James Madison University, Harrisonburg, VA

Paper No. DETC2015-47455, pp. V003T04A021; 4 pages
doi:10.1115/DETC2015-47455
From:
  • ASME 2015 International Design Engineering Technical Conferences and Computers and Information in Engineering Conference
  • Volume 3: 17th International Conference on Advanced Vehicle Technologies; 12th International Conference on Design Education; 8th Frontiers in Biomedical Devices
  • Boston, Massachusetts, USA, August 2–5, 2015
  • Conference Sponsors: Design Engineering Division, Computers and Information in Engineering Division
  • ISBN: 978-0-7918-5710-6
  • Copyright © 2015 by ASME

abstract

Lab exercises have traditionally been a time when students follow a given procedure, collect data, and interpret the data. The highly structured experience often leads to students focusing on the procedure and not fully thinking through the concepts being covered. While labs are fully completed each week, the structured approach does not prepare students for the open-ended, non-procedural work entry-level engineers will encounter in industry. To encourage a deeper understanding of course concepts and how they translate to physical systems and better prepare students for the workforce, open-ended design projects were offered in place of structured labs in the circuits and mechatronics courses at James Madison University.

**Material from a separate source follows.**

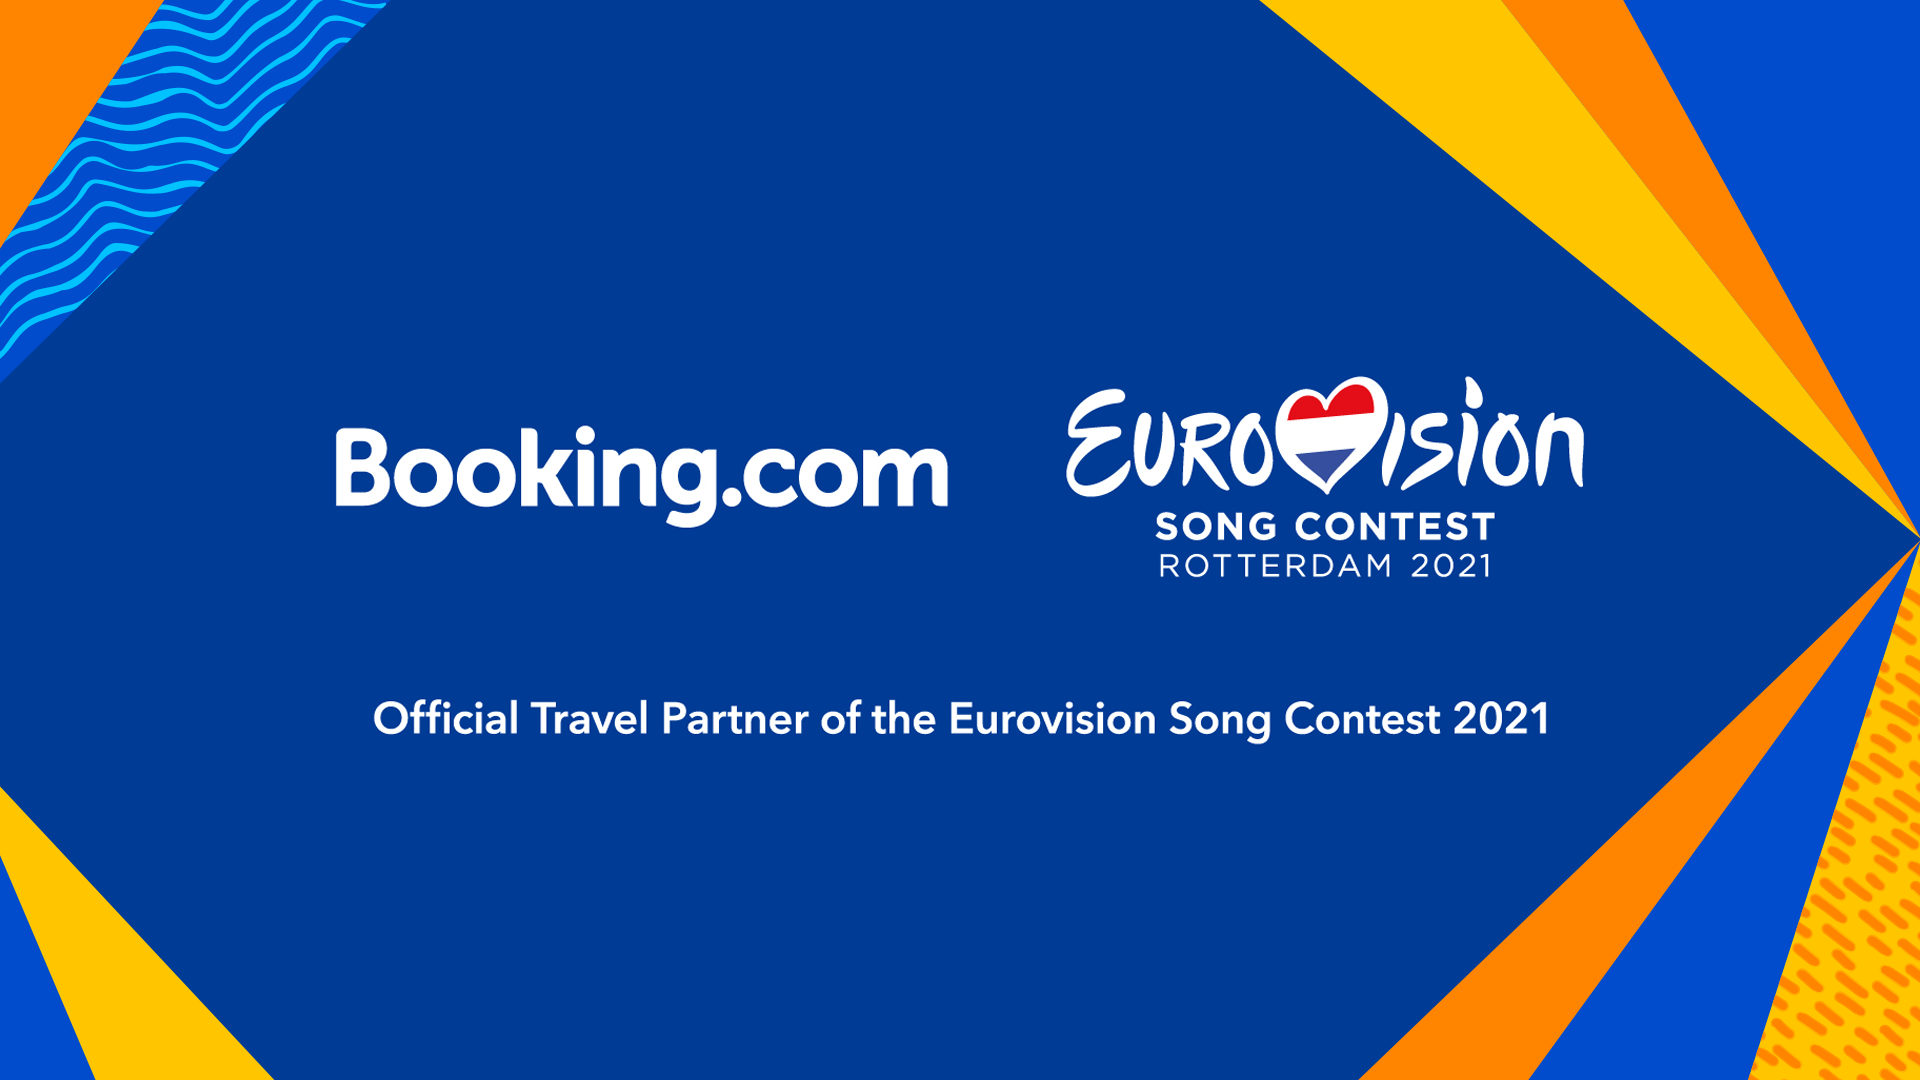 Booking.com Becomes the Official Travel Partner of the Eurovision Song Contest 2021
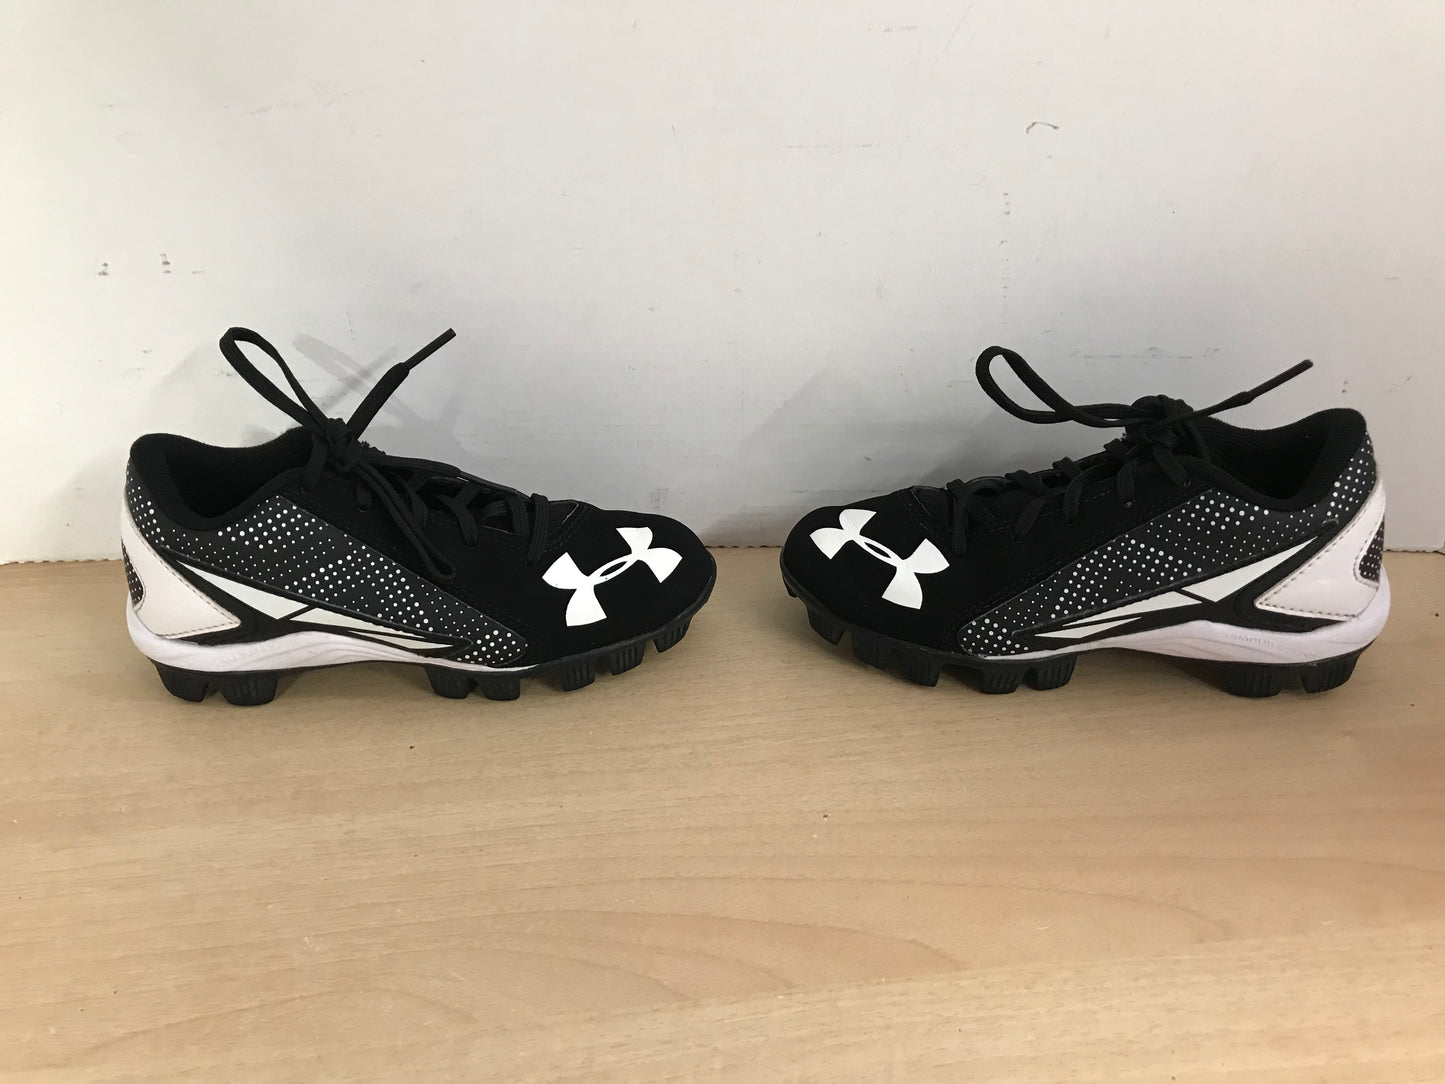 Baseball Shoes Cleats Child Size 13 Under Armour Black White Excellent

The design projects are undirected experiences that build on the directed experiences in lecture and lab. Students are challenged to work in teams to design, build, test, and in one case, calibrate, an electrical system. No instruction is provided for the project, rather, a set of design requirements, timetable, and supplemental materials (e.g., data sheets, vendor design briefs, past labs relevant to the design requirements) are given. Students must synthesize multiple weeks of course content into a single design project. This paper reports on our observations and student feedback for embedding design experiences in engineering science courses.